What the task requires: As the answer, return precisely the lines from the one containing "Basic Deals Hom" to the final line of the material below, inclusive, and omit every picture.

Supplied data:
*** Block opens ***

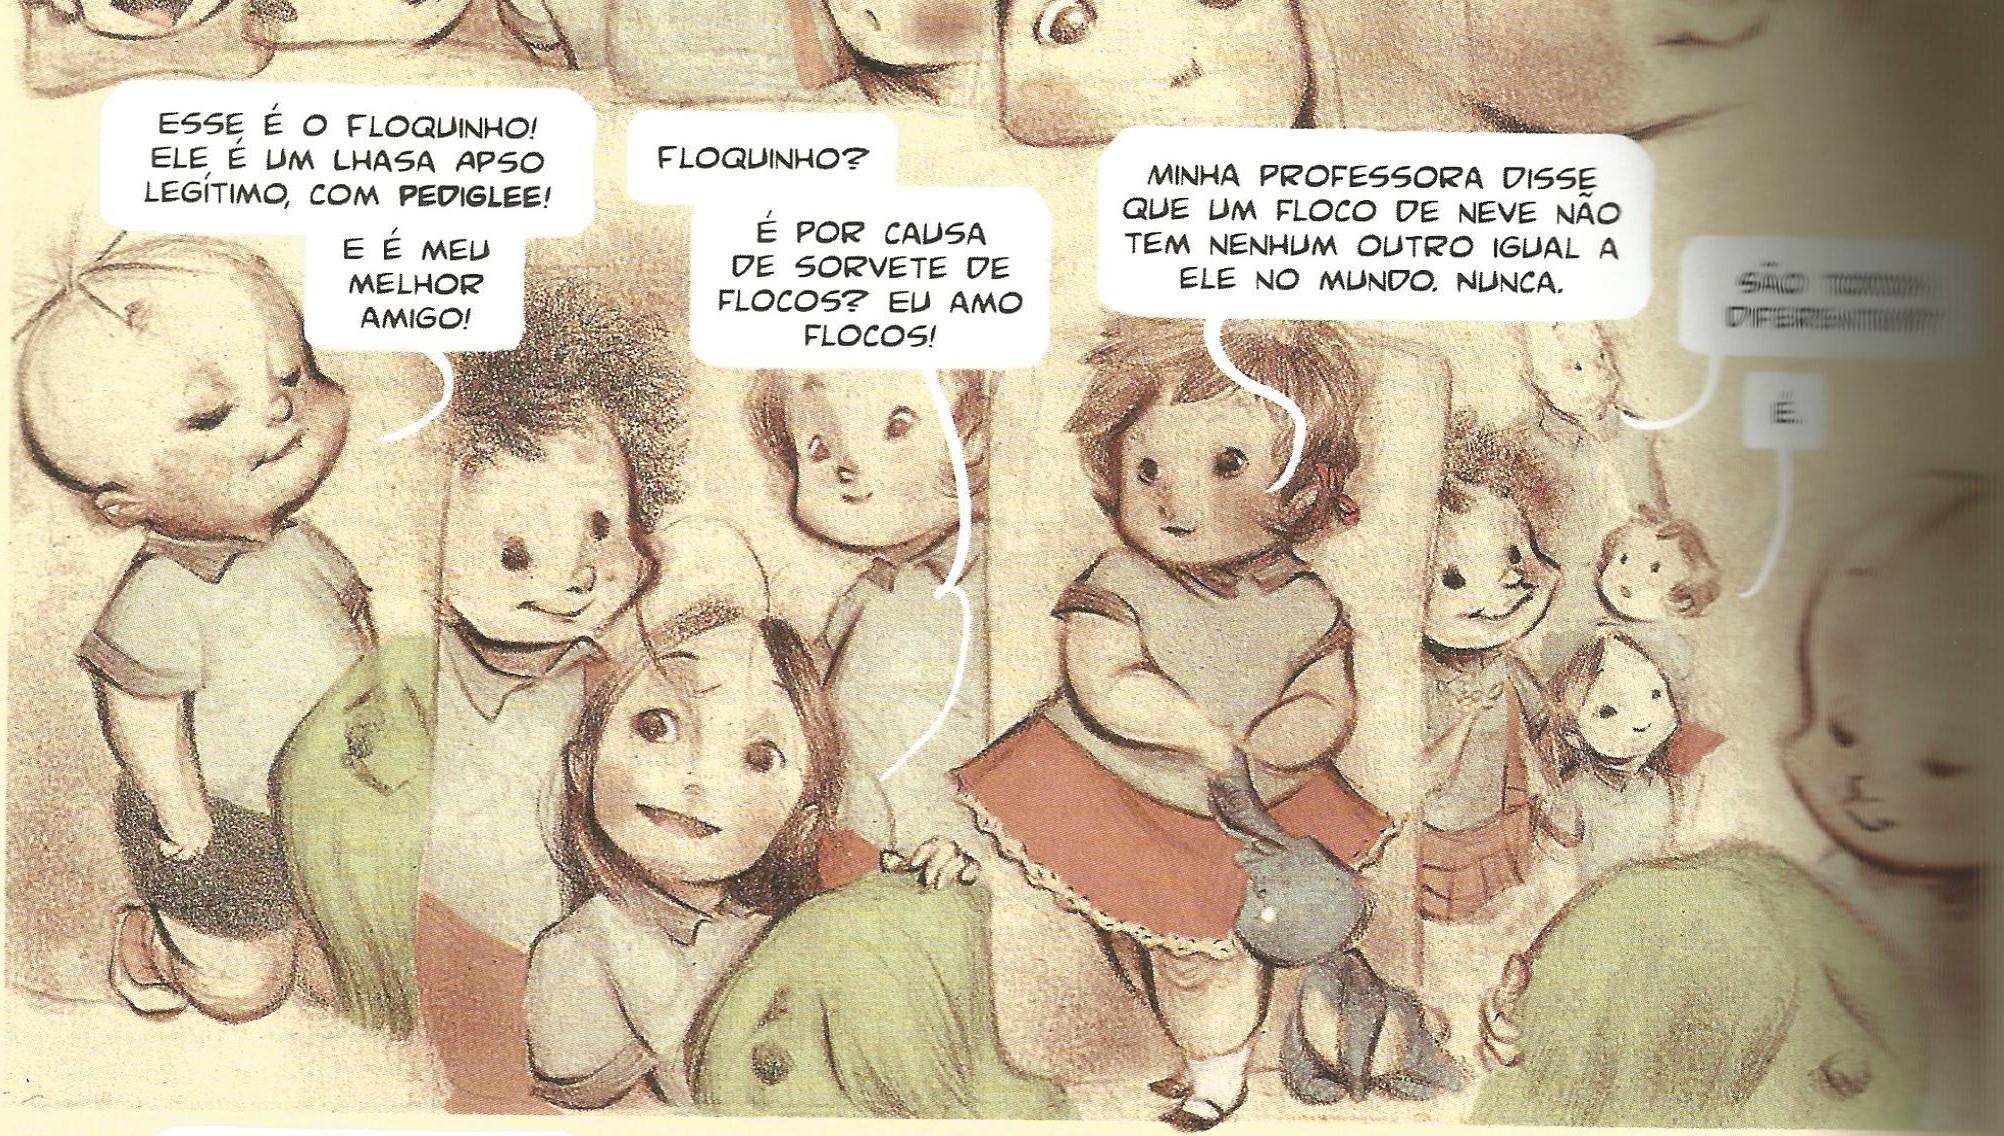 turma-da-monica-laços-resenha-02
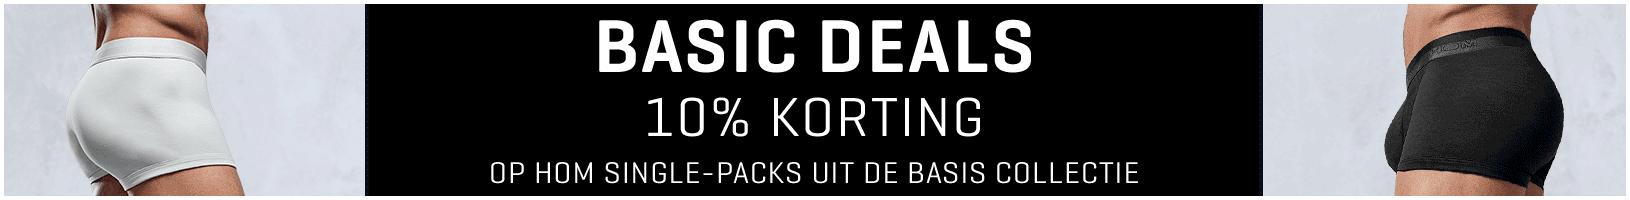 Basic Deals Hom
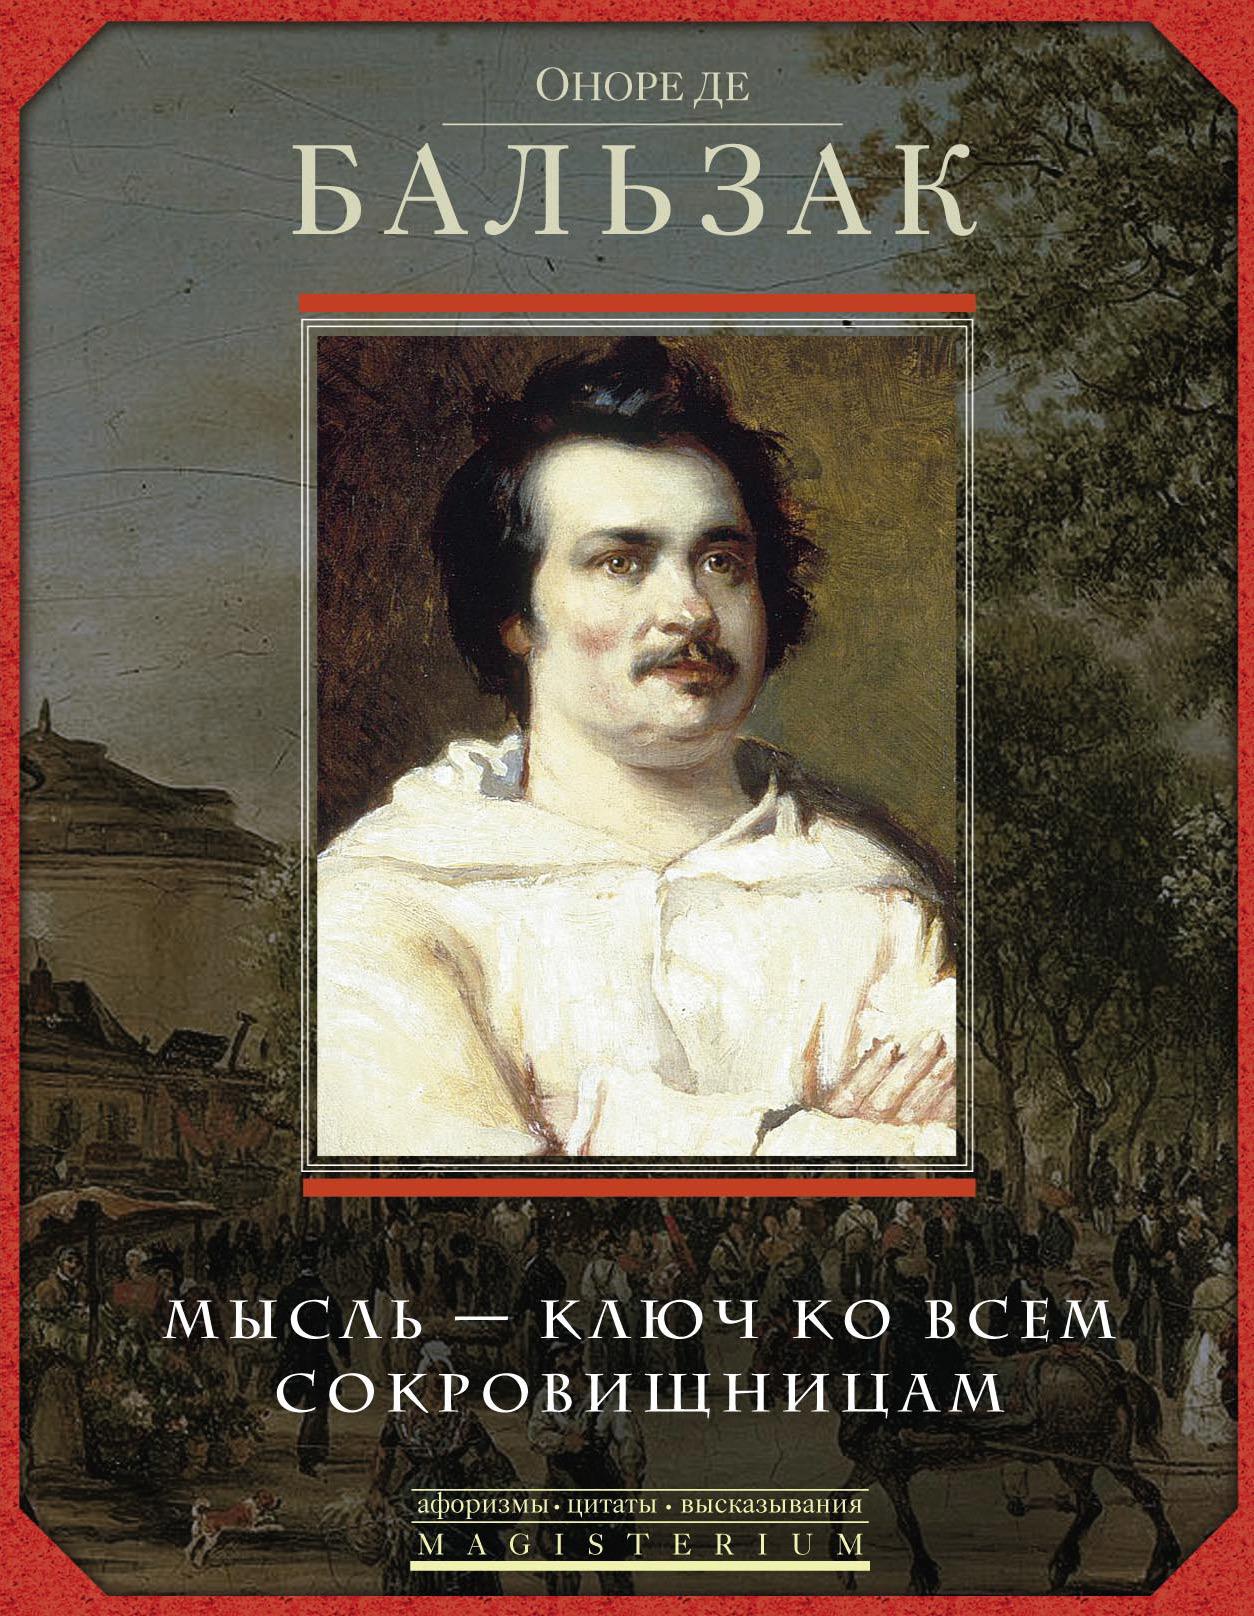 Отсутствует. Оноре де Бальзак. Мысль – ключ ко всем сокровищницам

*** Block closes ***

Answer for this exercise:
 Basic Deals Hom
 Отсутствует. Оноре де Бальзак. Мысль – ключ ко всем сокровищницам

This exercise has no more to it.